After a week of ominous language about the dangers of leaking classified documents, the 14 jurors in the Jeffrey Sterling trial Tuesday got their first look at purportedly classified documents.

Martha Lutz, the CIA’s Chief of Litigation Support and the bane of anyone who has FOIAed the CIA in the last decade, was on the stand, a tiny woman with a beehive hairdo and a remarkably robust voice. After having Lutz lay out the Executive Orders that have governed classified information in the last two decades and what various designations mean, the government introduced four documents into evidence – three under the silent witness rule – and showed them to Lutz.

“When originally classified were these documents properly classified as secret,” the prosecution asked of the three documents.

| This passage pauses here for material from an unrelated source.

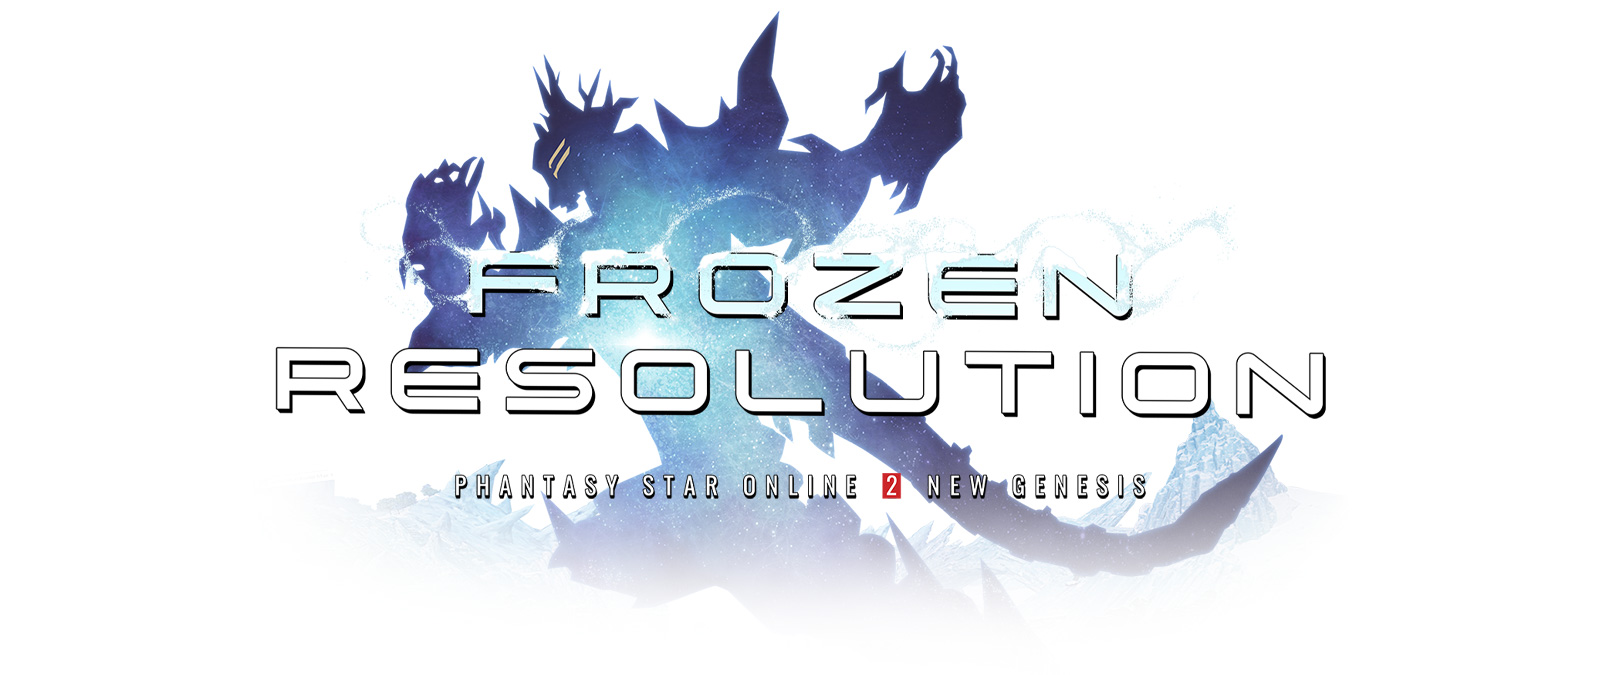 Frozen Resolution, Phantasy Star Online 2 New Genesis, 갑옷 슈트의 실루엣이 서리로 뒤덮여 있습니다.

“They weren’t,” Lutz responded.

“But they are now properly classified secret?”

“Yes,” Lutz answered.

A court officer handed out a packet of these same documents with bright red SECRET markings on the front to each juror (the government had tried to include such a warning on the binders of other exhibits, but the defense pointed out that nothing in them was actually classified at all). Judge Leonie Brinkema, apparently responding to the confused look on jurors’ faces, explained these were still-classified documents intended for their eyes only. “You’ll get the context,” Judge Brinkema added. “The content is not really anything you have to worry about.” The government then explained these documents were seized from Jeffrey Sterling’s house in Missouri in 2006. Then the court officer collected the documents back up again, having introduced the jurors to the exclusive world of CIA’s secrets for just a few moments.